■ **Exercise prompt**
Below are some records. Retype exactly the lines from the one containing "(Hofer, eventuell nur" through the one containing "Woman Beauty - リップカラー", both included, skipping every picture.

■ **Exercise material**
Content starts
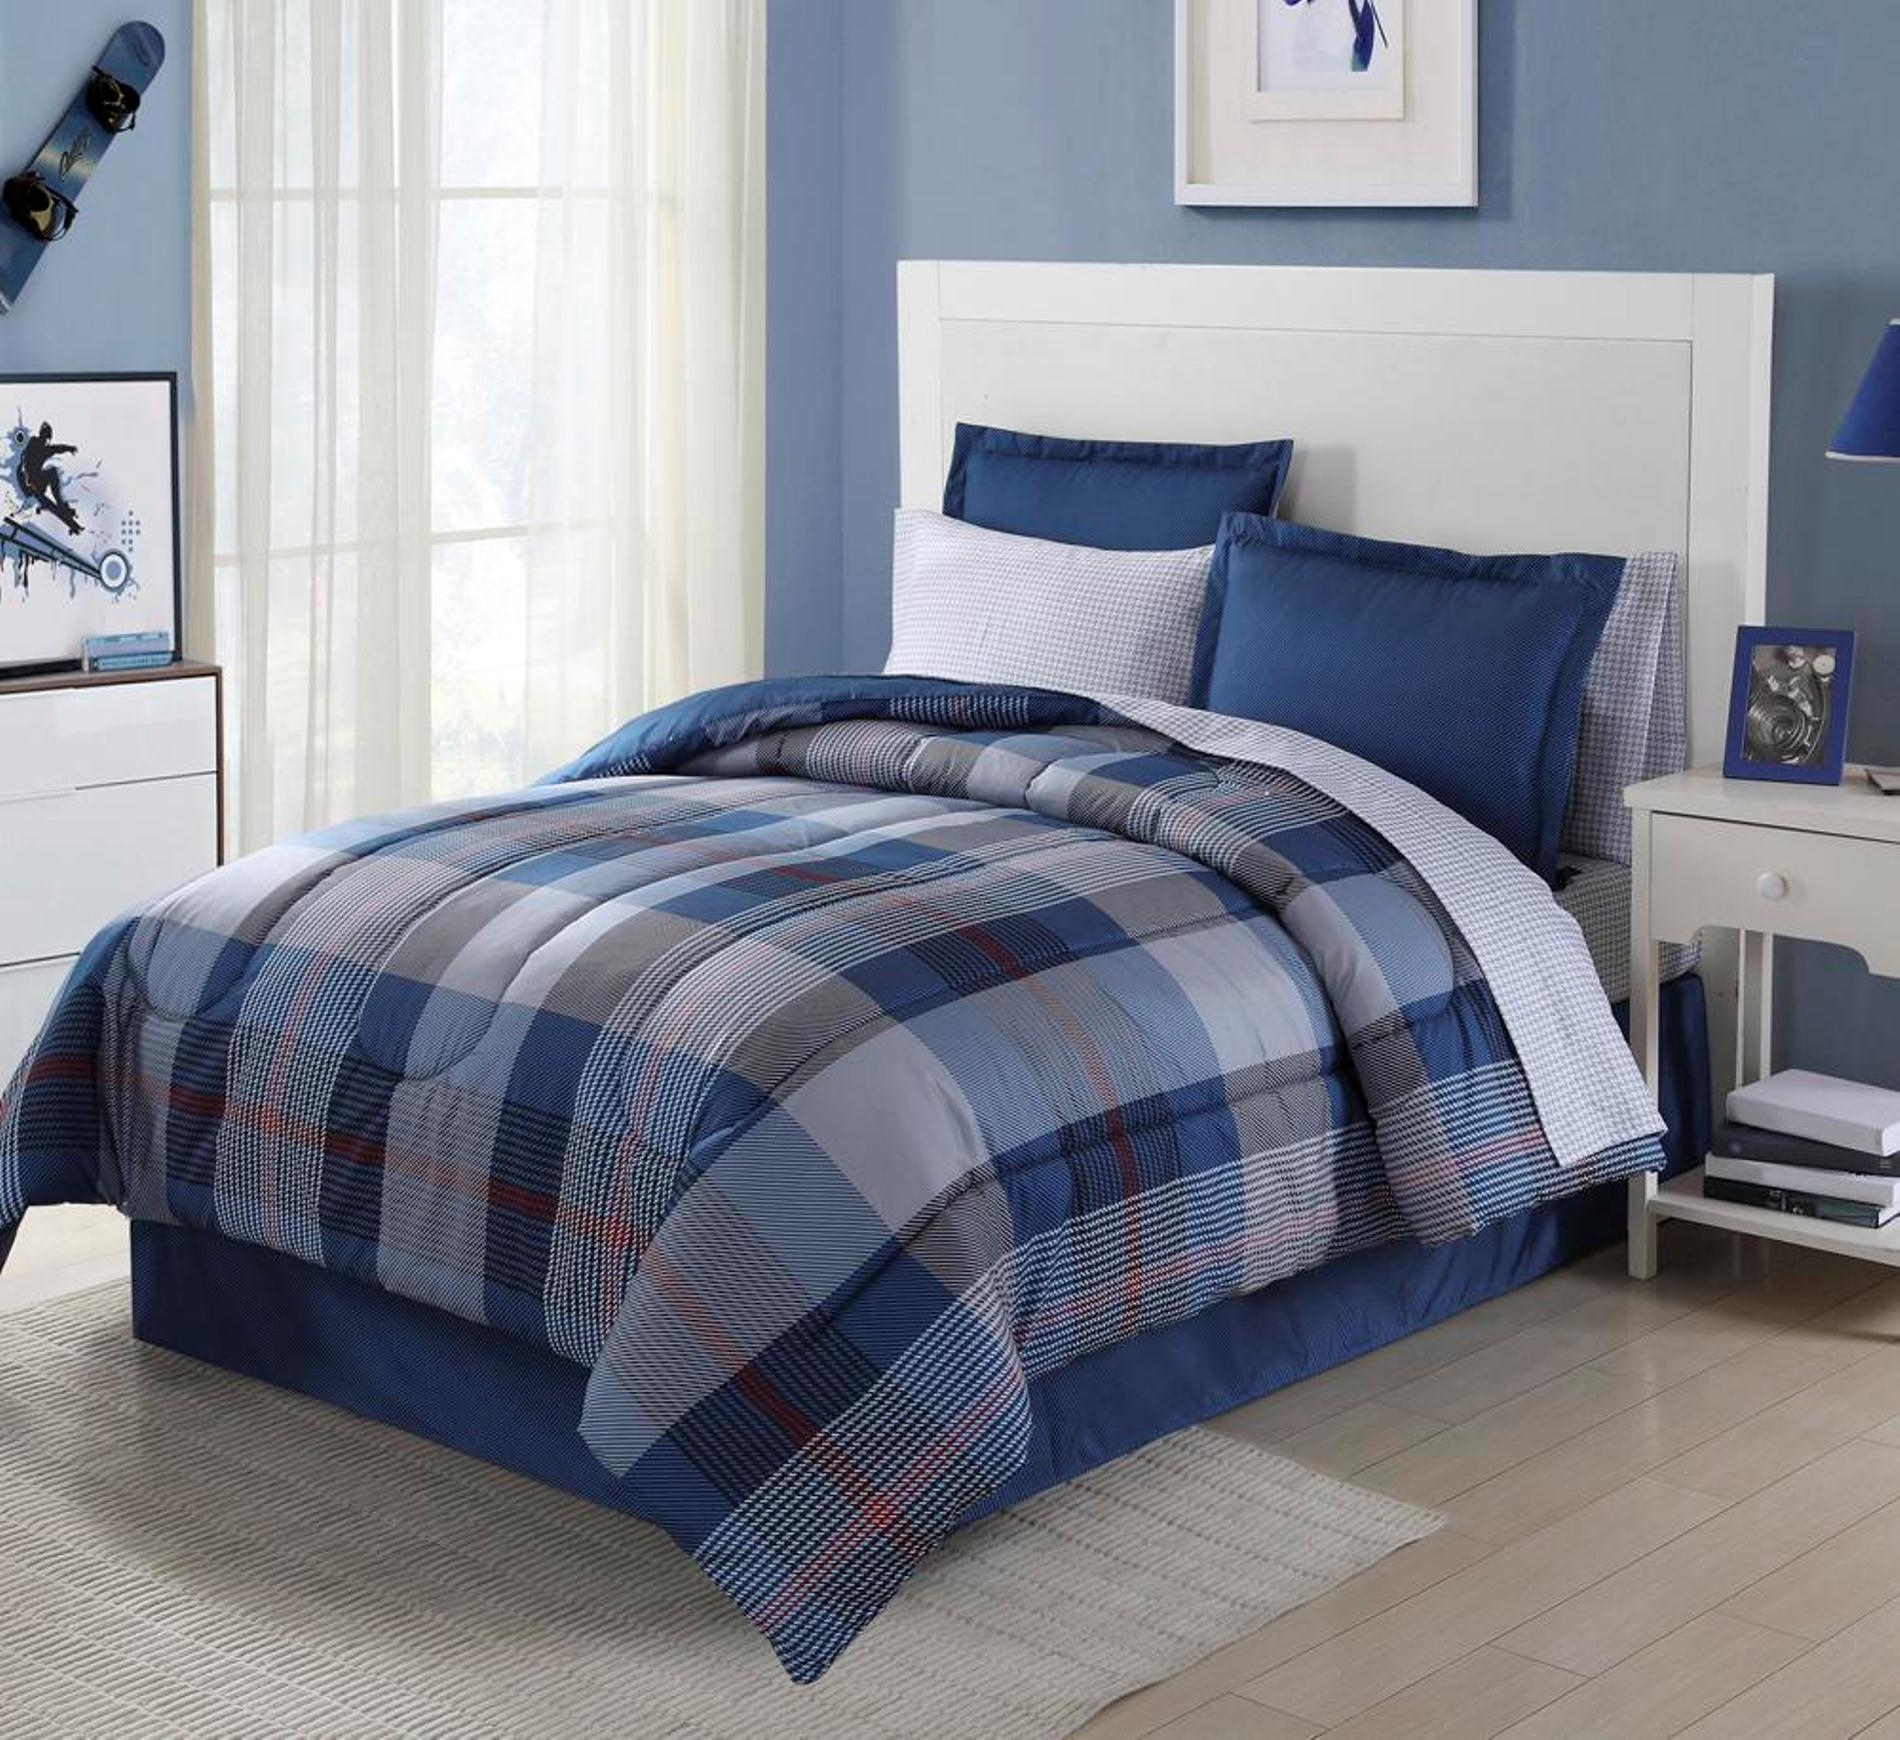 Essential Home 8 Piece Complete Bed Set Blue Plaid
Content ends
Content starts
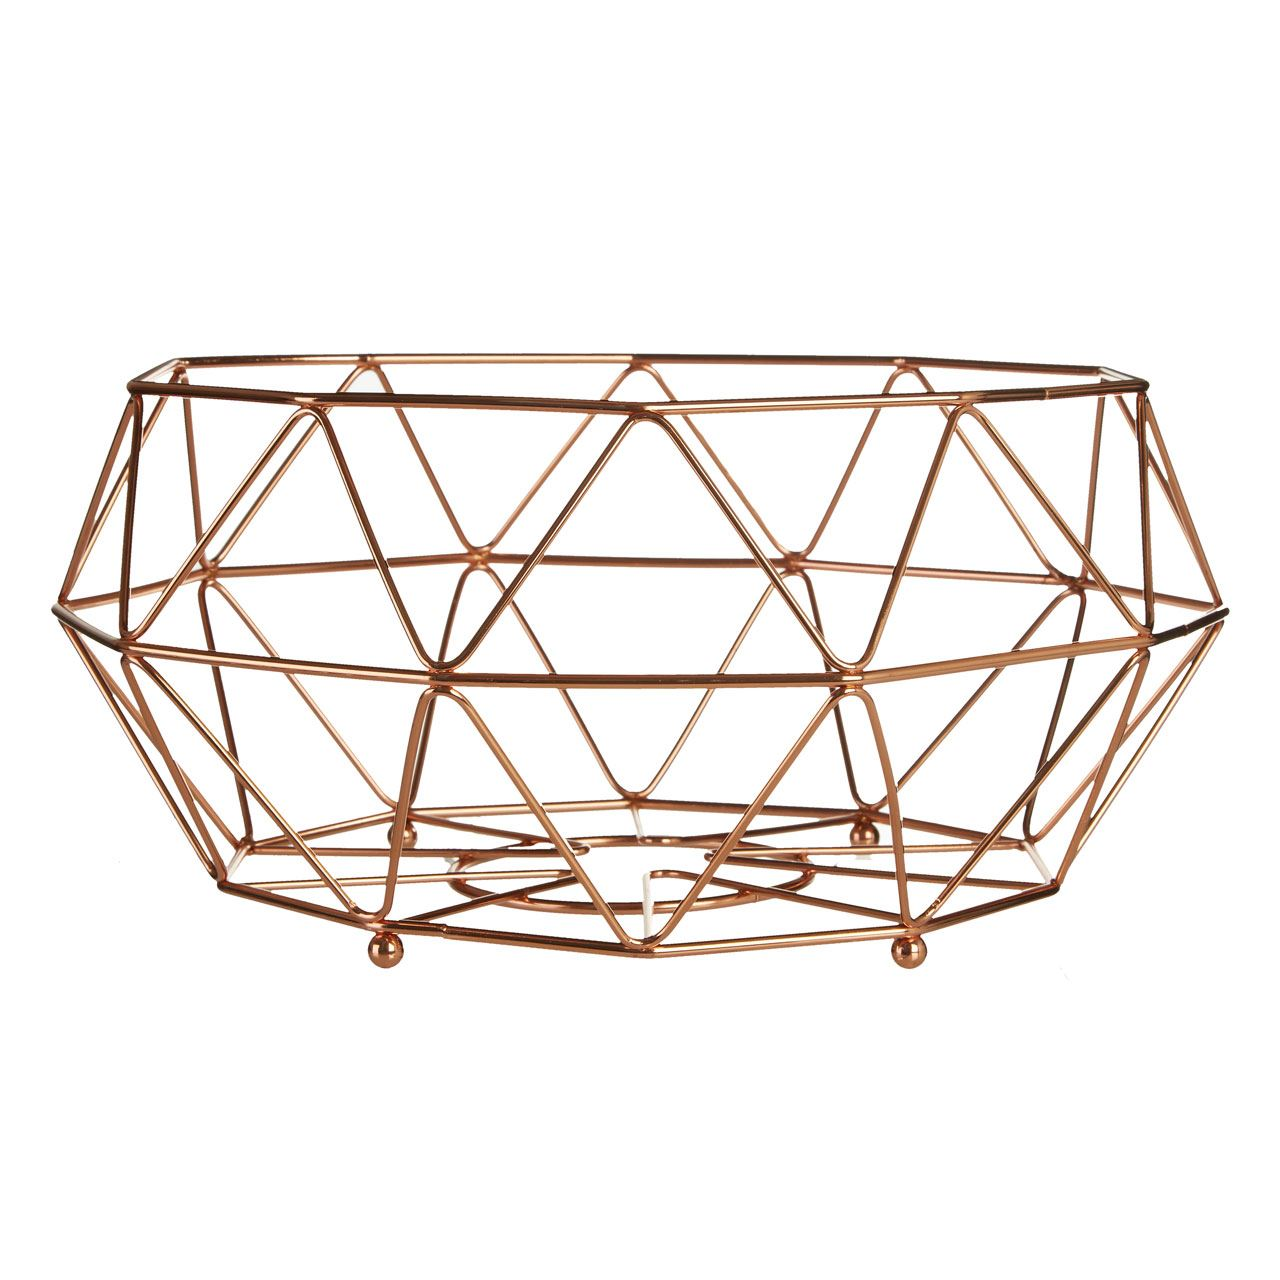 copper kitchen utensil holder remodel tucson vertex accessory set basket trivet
Content ends
Content starts
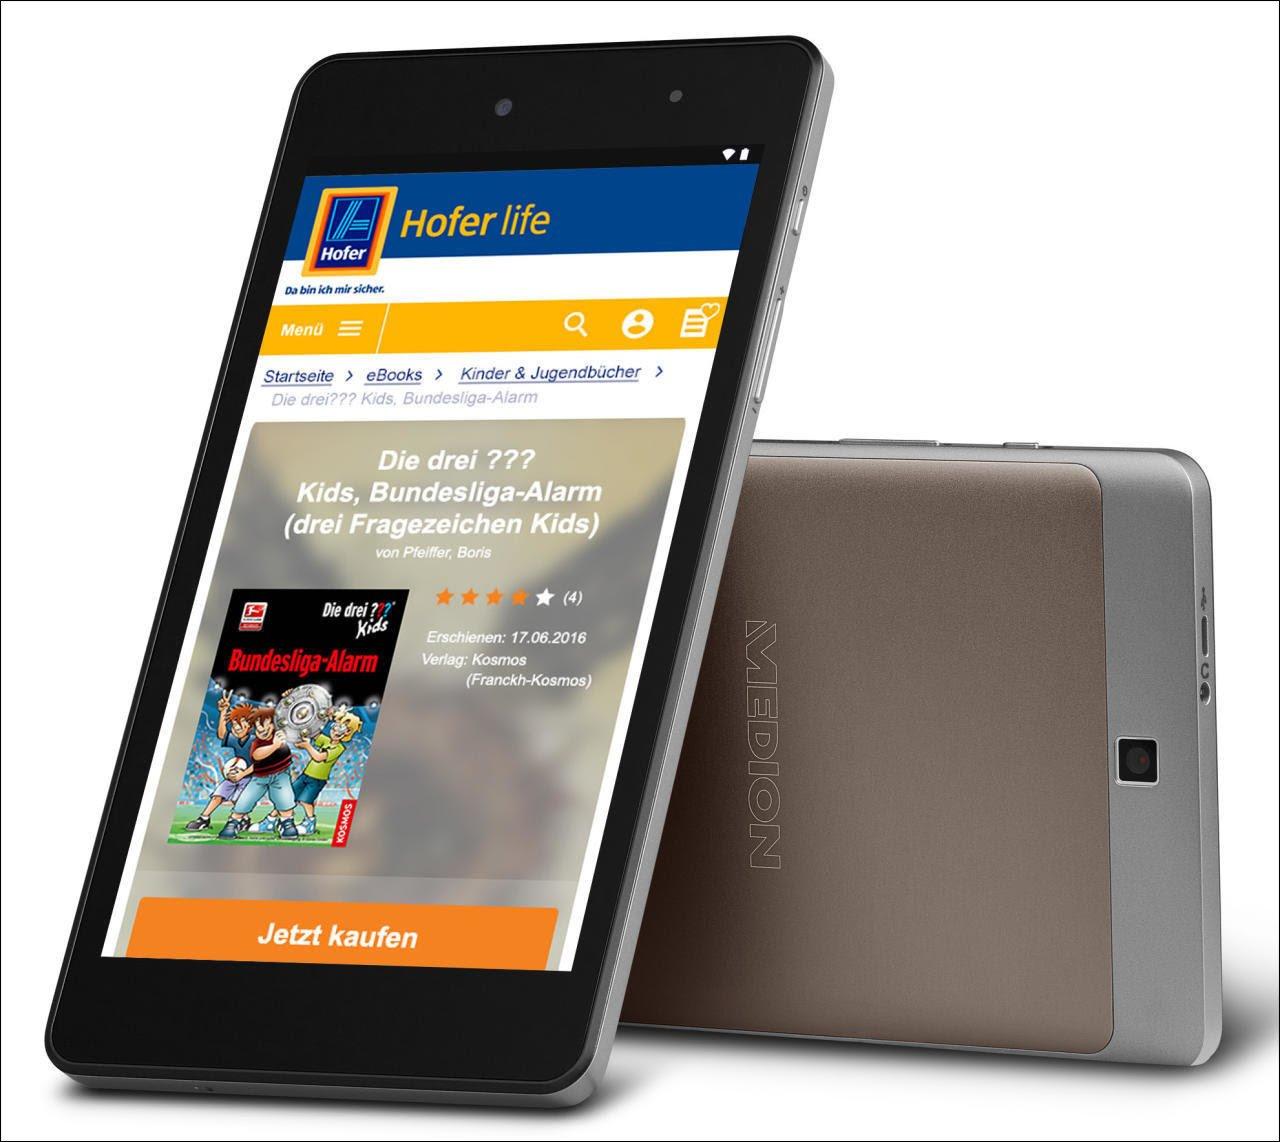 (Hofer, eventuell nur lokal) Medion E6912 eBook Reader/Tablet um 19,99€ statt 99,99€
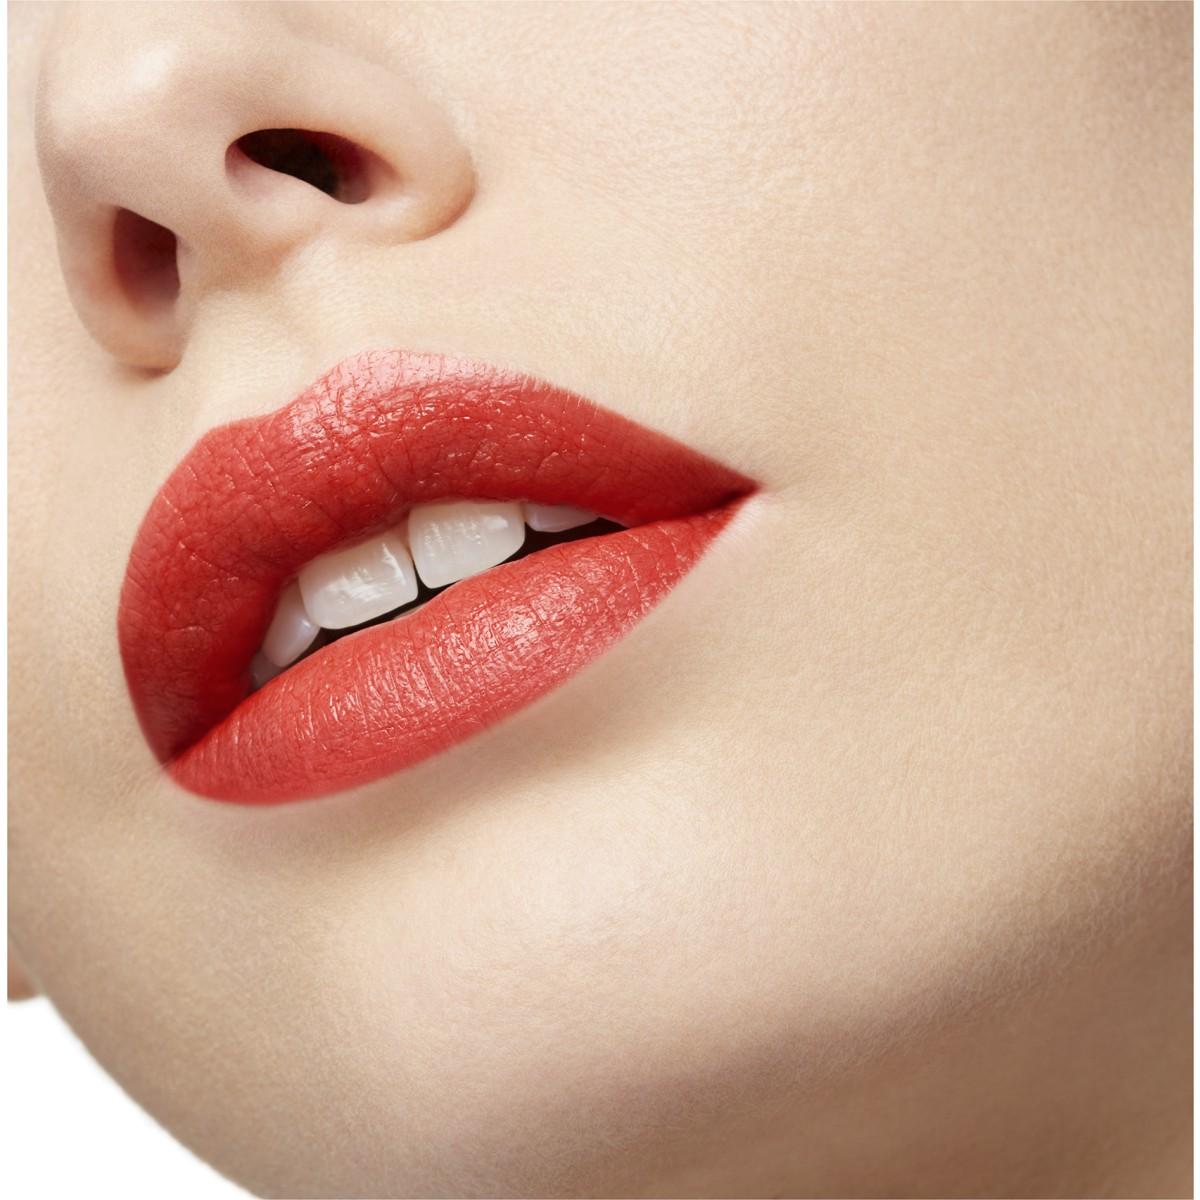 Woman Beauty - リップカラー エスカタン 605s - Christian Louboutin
Content ends
■ **Answer space**
 (Hofer, eventuell nur lokal) Medion E6912 eBook Reader/Tablet um 19,99€ statt 99,99€
 Woman Beauty - リップカラー エスカタン 605s - Christian Louboutin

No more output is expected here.